Take from the entries below the stretch from the line with "Louis Vuitton Marly" through the line with "jordan t shirt", and return it exactly, leaving the pictures out.

> _Supplied records_
↓

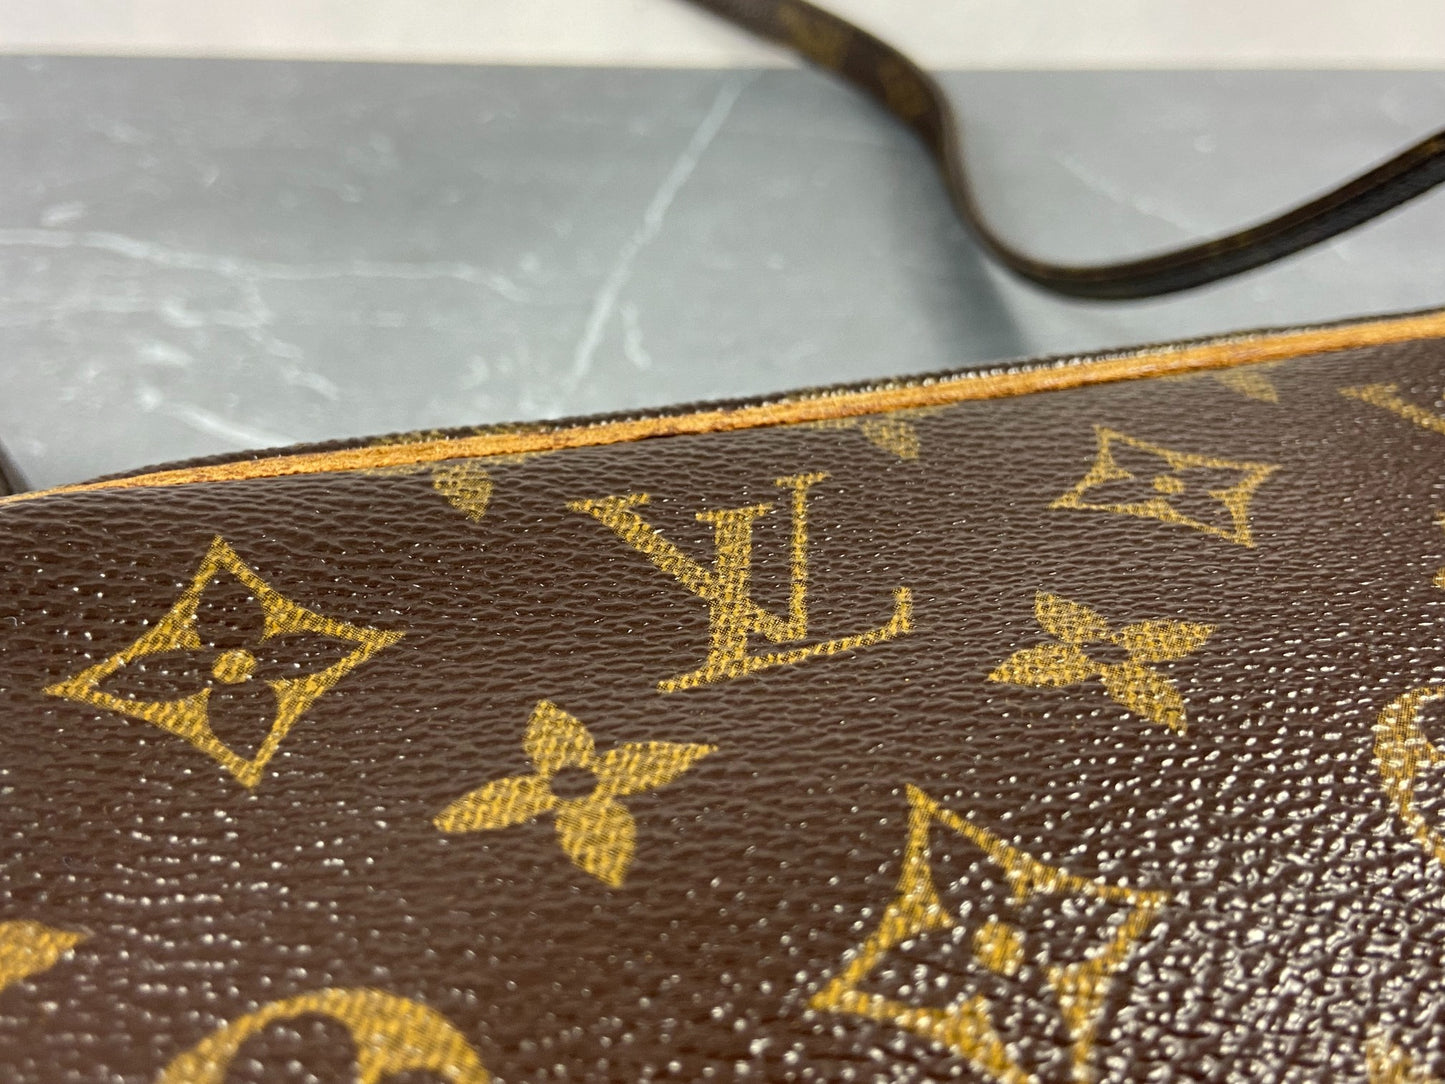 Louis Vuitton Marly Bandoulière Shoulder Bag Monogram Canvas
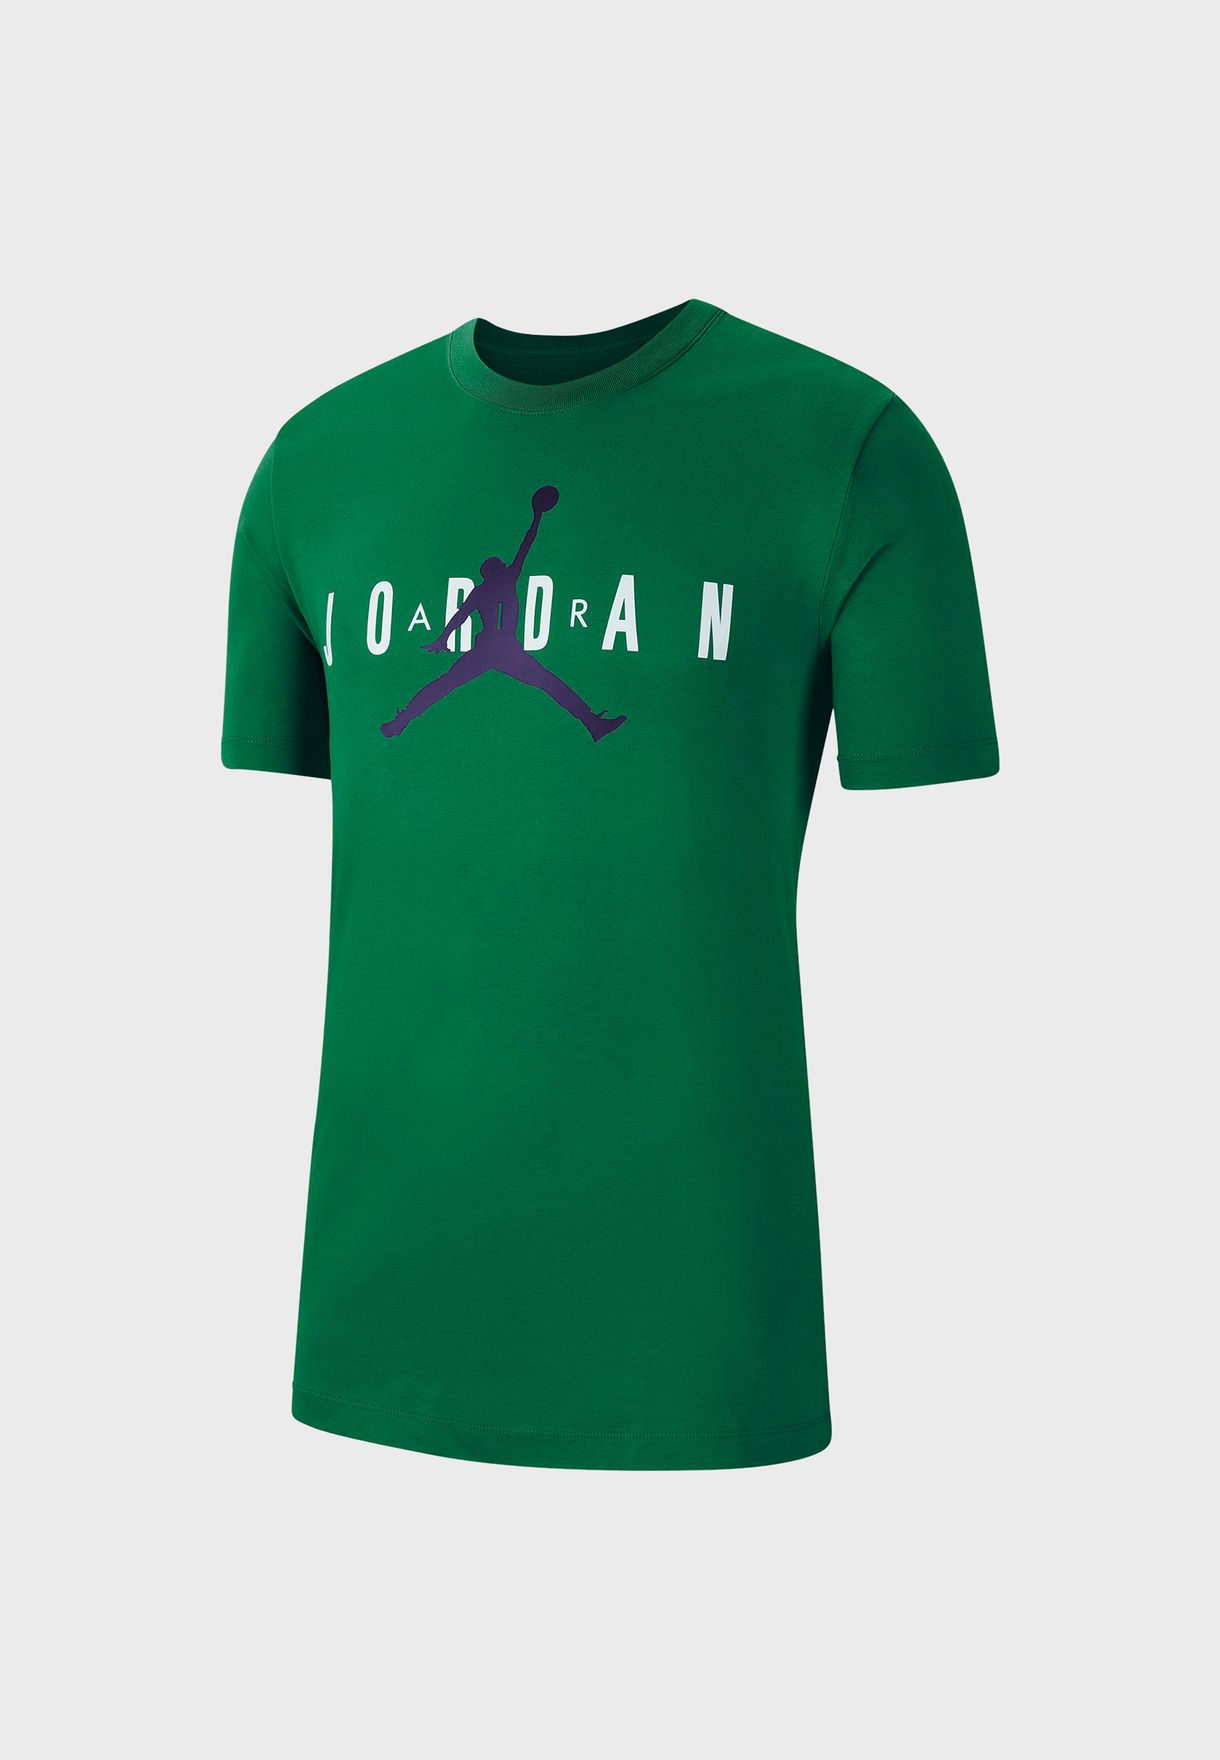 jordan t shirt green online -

↑
↓

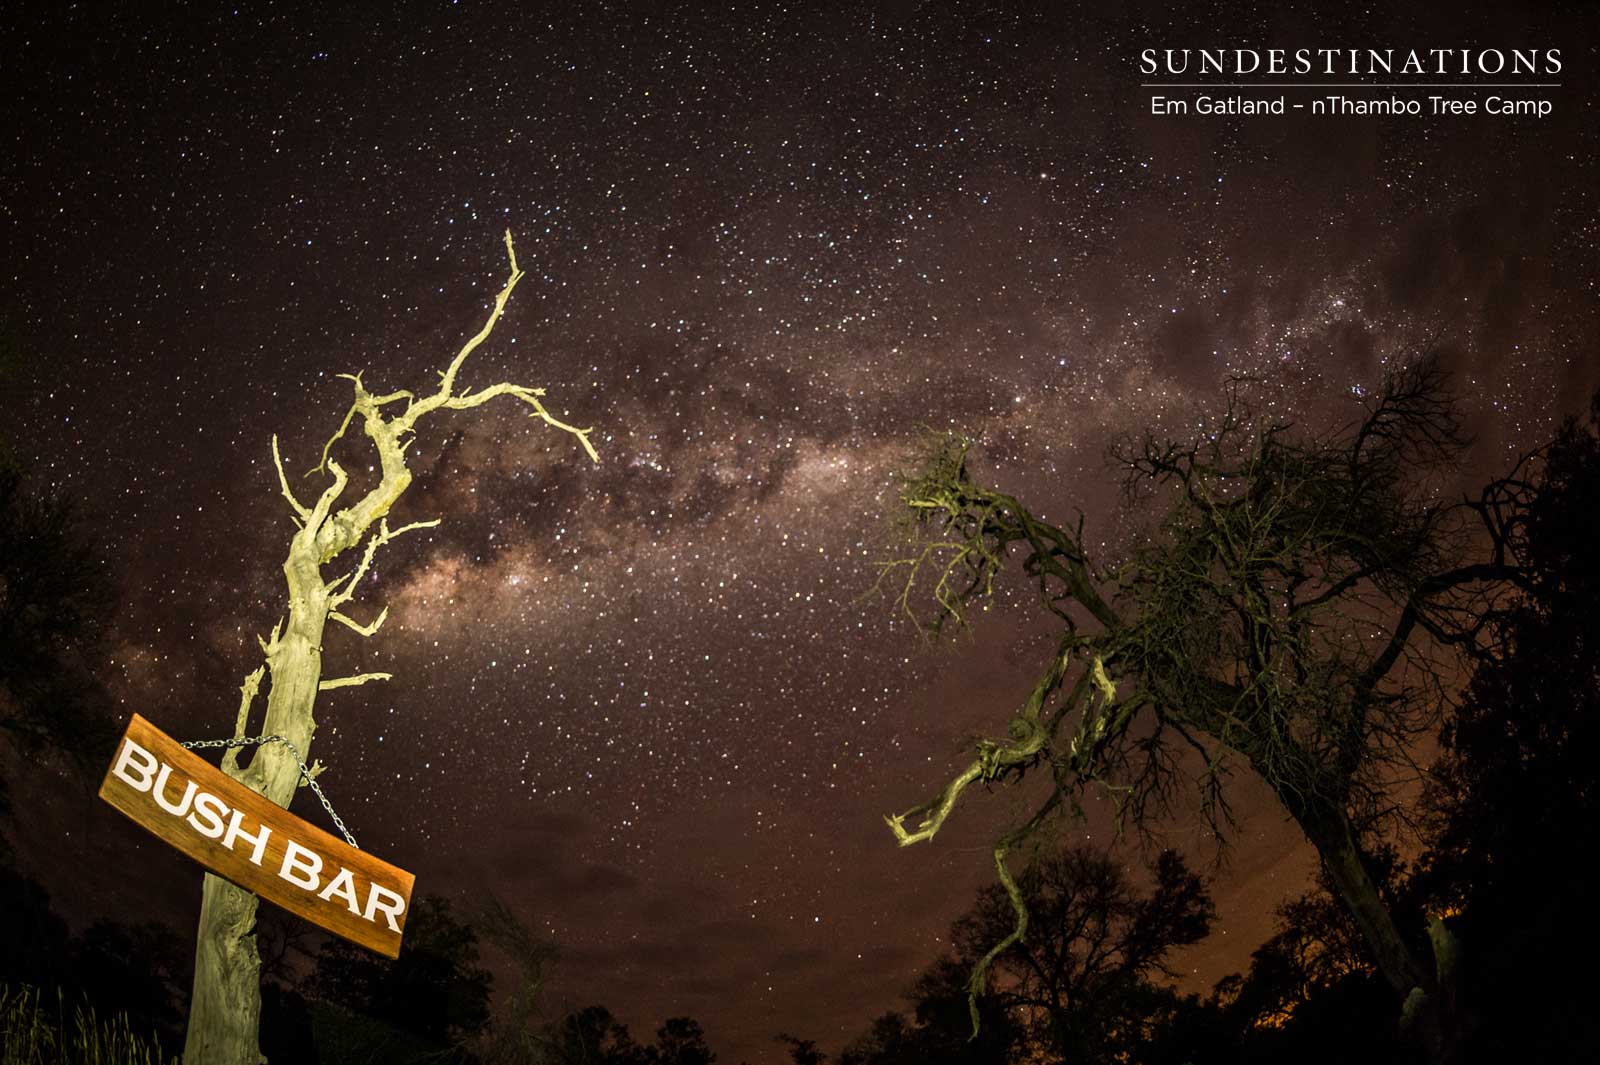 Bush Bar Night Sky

↑

> _Written response_
 Louis Vuitton Marly Bandoulière Shoulder Bag Monogram Canvas
 jordan t shirt green online -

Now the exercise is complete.